- Titre(s) : Environnement toxique
- Scénariste(s) - Dessinatrice(s) - Coloriste(s) : Kate Beaton
- Editeur(s) : Casterman
- Parution : Mars 2023
- Prix : 29,95 €
- EAN : 9782203242234
Fraîchement diplômée d’une licence d’Histoire et d’Anthropologie, Kate Beaton décide du haut de ses 21 ans de partir en Alberta, à 5000 kilomètres de son île natale de Cap-Breton en Nouvelle-Écosse, pour travailler dans les mines de sables bitumeux, des gisements sableux d’où l’on extrait le pétrole. Ce n’est absolument pas ce qu’elle veut faire dans la vie mais il se trouve que c’est la meilleure solution pour elle afin de rembourser rapidement son prêt étudiant et ne plus avoir ce poids sur les épaules. Ainsi, elle arrive au camp de travailleurs de la société Syncrude où elle va faire ses premières armes alors qu’elle ne connaît rien au monde du travail. Pour commencer, ce n’est franchement pas l’idéal ! Non seulement le travail est dur physiquement mais c’est un milieu très particulier où il y a cinquante fois plus d’hommes que de femmes, un monde hyper-masculin et hostile où se faire des amis et exprimer ce que l’on ressent est très difficile. Malgré ce qu’elle endure pendant deux ans dans divers sites et entreprises du bassin pour lesquels elle travaille, Kate partage courageusement son expérience avec le plus grand nombre.
Si Environnement toxique est le roman graphique préféré de Barack Obama en 2022, ce n’est absolument pas étonnant. Nous avons là entre les mains une véritable étude sociologique objective qui a nécessité beaucoup de courage et de force à Kate Beaton dans sa réalisation.

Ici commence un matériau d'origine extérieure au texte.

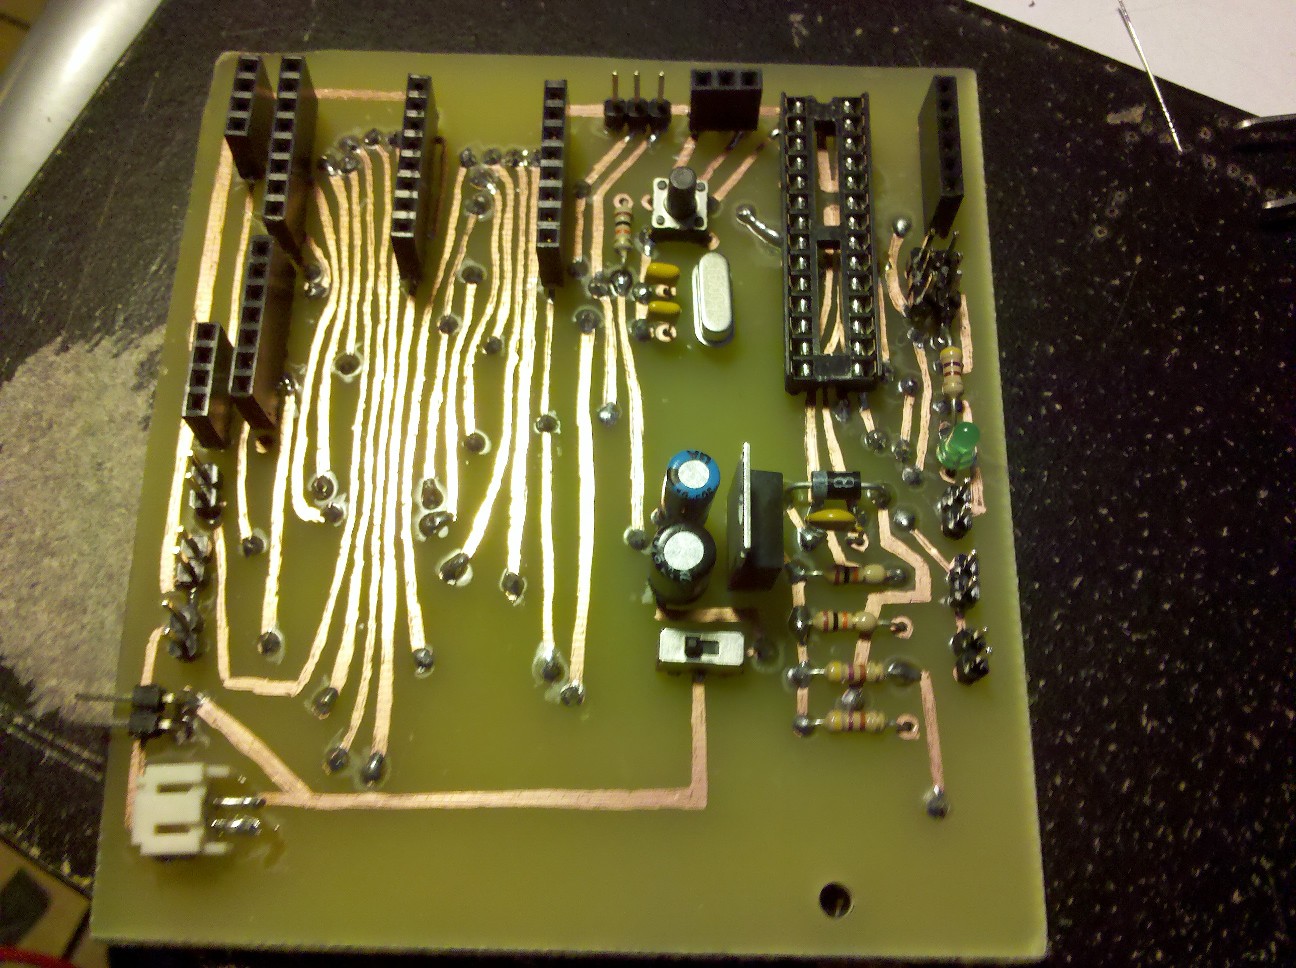 Custom PCB with parts soldered in

D’ailleurs, l’autrice a attendu 2016 avant de commencer à travailler sur le projet. Une prise de recul lui était nécessaire et à la lecture de l’album, l’évidence se fait jour. Ce qui est remarquable est le fait que l’autrice traite l’ensemble avec beaucoup d’empathie et un peu d’humour. Malgré les faits dramatiques, elle essaye de trouver des explications à ces actes et comportements. Elle expose à son lectorat qu’il s’agit des conséquences de la solitude, de la pénibilité du travail, de l’exploitation froide de l’être humain et de l’éloignement familial qui transforment les personnes/hommes n’ayant pas forcément au départ ce types d’attitudes sexistes et grivoises. Mais heureusement, Kate a aussi rencontré des hommes bien. Cet environnement est donc toxique pour les femmes mais aussi pour la nature et les peuples autochtones spoliés de leurs terres, un focus écologique qu’il était également nécessaire de faire. Cette œuvre personnelle, fleuve et marquante, se traduit par un pavé de plus de 430 planches pensées, réfléchies et dessinées avec les tripes pour briser le silence sur un monde à part, une niche professionnelle isolée, complexe et méconnue. Le trait de Kate Beaton est doux, très expressif et s’accorde parfaitement avec ses mots, tout comme la teinte monochrome bleu-gris de la mise en couleurs est en phase avec la toxicité ambiante globale.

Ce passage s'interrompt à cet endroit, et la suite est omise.